Sunday, 22 July 2012

Why would billionaire Mark Zuckerberg need a loan?



Facebook founder Mark Zuckerberg (pictured) recently refinanced his Palo Alto home near the company's headquarters with a 30-year 1.05 percent adjustable mortgage rate.
This has left many wondering why a billionaire such as himself, valued at around $15.6 billion (RM49.27 billion), would take out a loan for a US$5.95 million (RM18.79 million) house when he can buy it outright.
According to analysts, this is because US mortgage rates are at historical lows and Zuckerberg's loan costs absolutely nothing.

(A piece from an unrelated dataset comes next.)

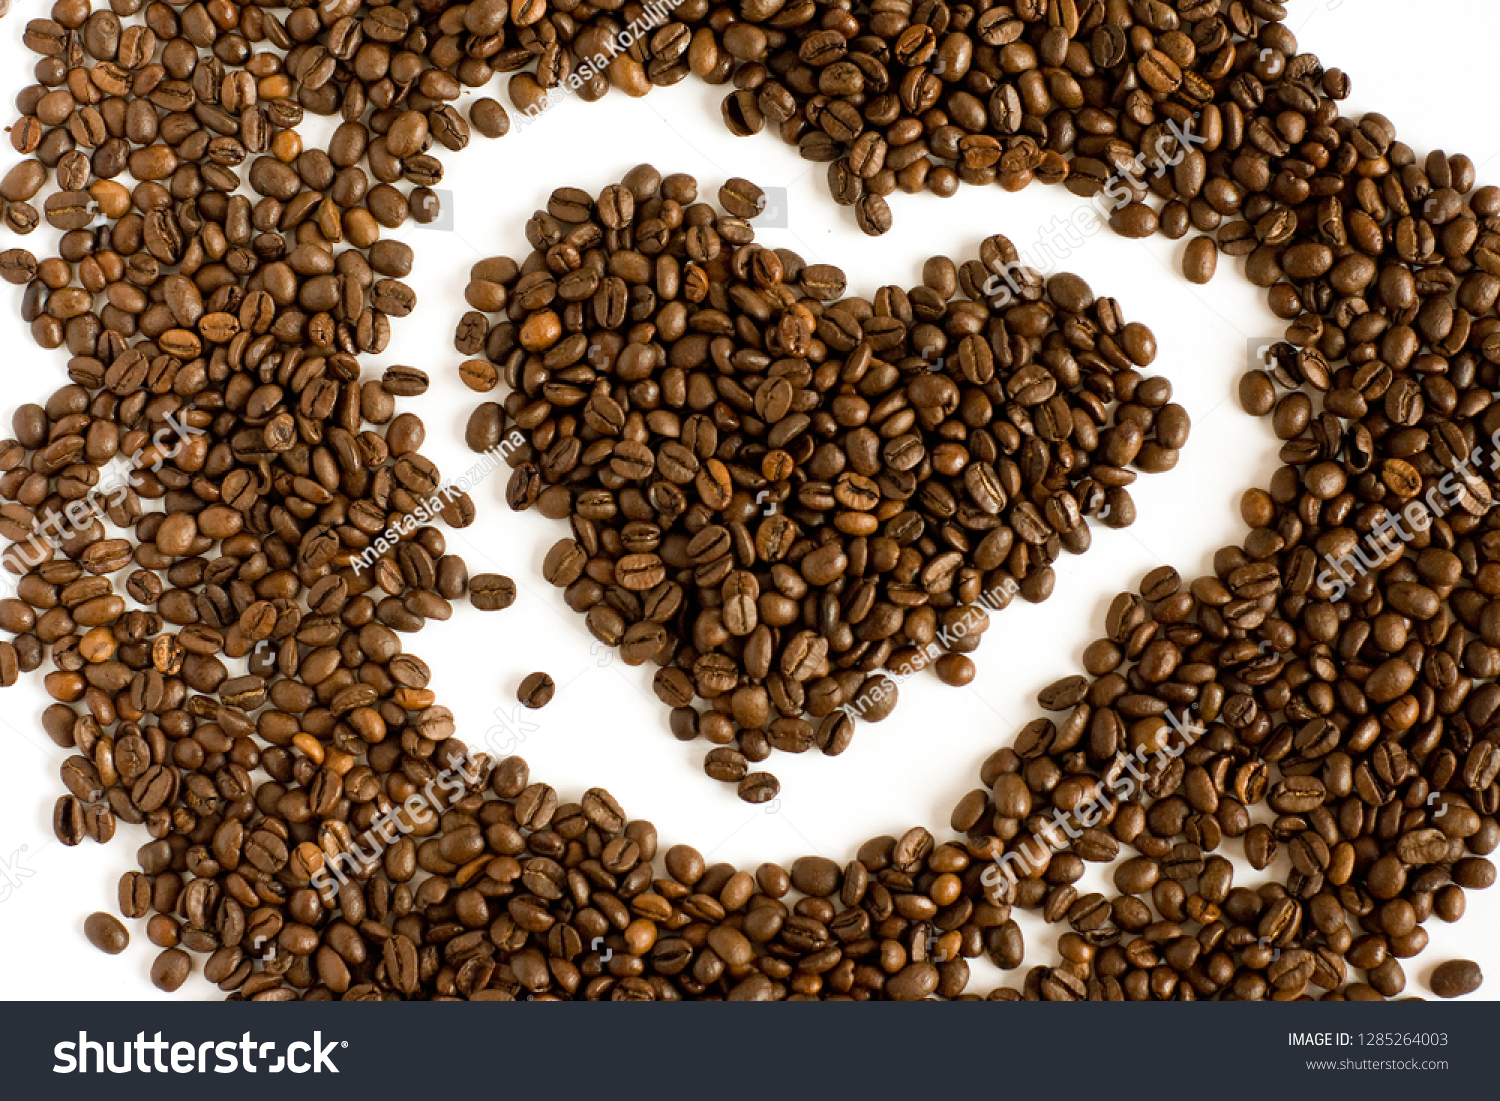 heart of many fresh coffee beans isolated view from above #1285264003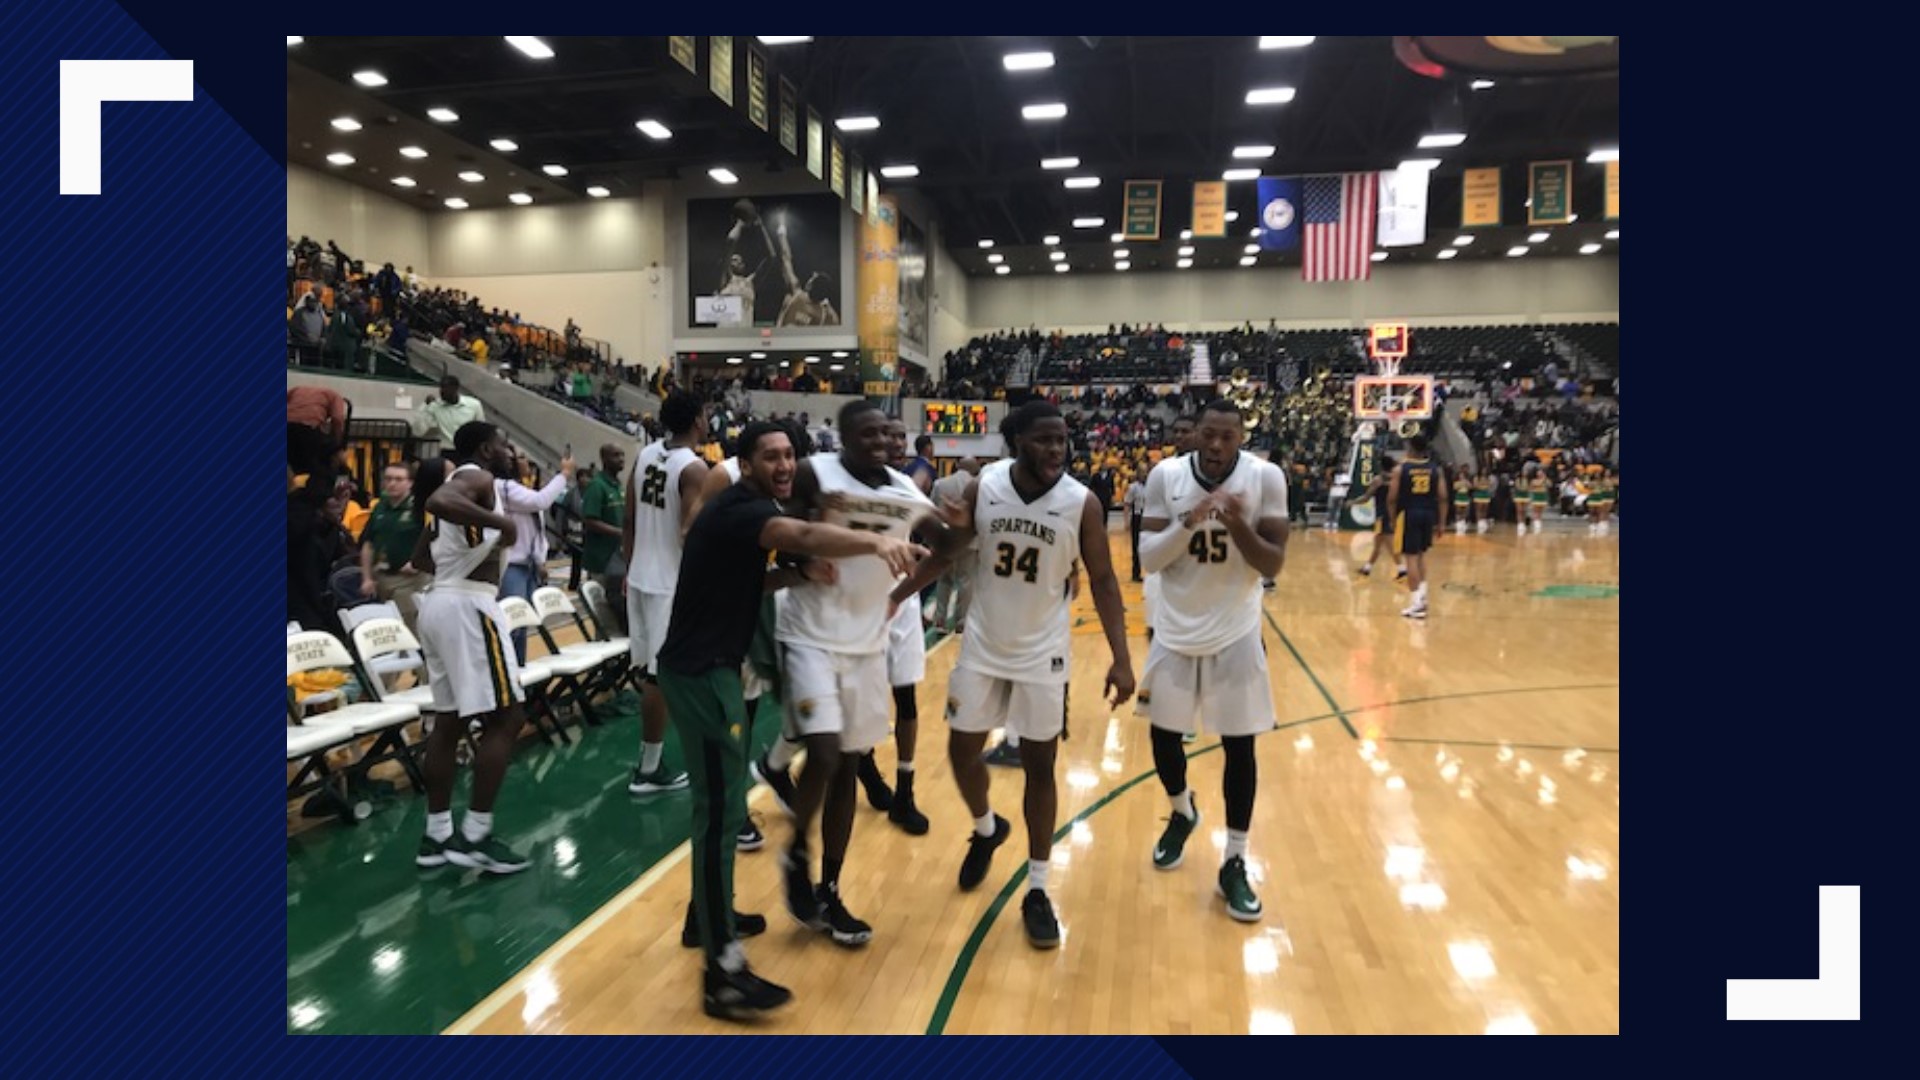 Norfolk State stepped on North Carolina A&T from the start to win 76-58. They now lead the MEAC by 2 games.

"When you borrow at an interest rate that's below the rate of inflation, you're essentially borrowing for free," said Greg McBride, Senior Analyst at mortgage tracker Bankrate.com.
"When you can borrow for free, there's no sense in tying up your own money, when you can use that money for more profitable things," he added.
Zuckerberg's low rate is due to the fact that his mortgage is adjustable, so the interest rate could go up. While these types of loans usually have lower interest, they are reserved for borrowers with zero risk.
"This is not a product reserved for celebrities," McBride said. "They aren't necessarily billionaires. We're talking about people who are millionaires, at least - corporate executives, wealthy people."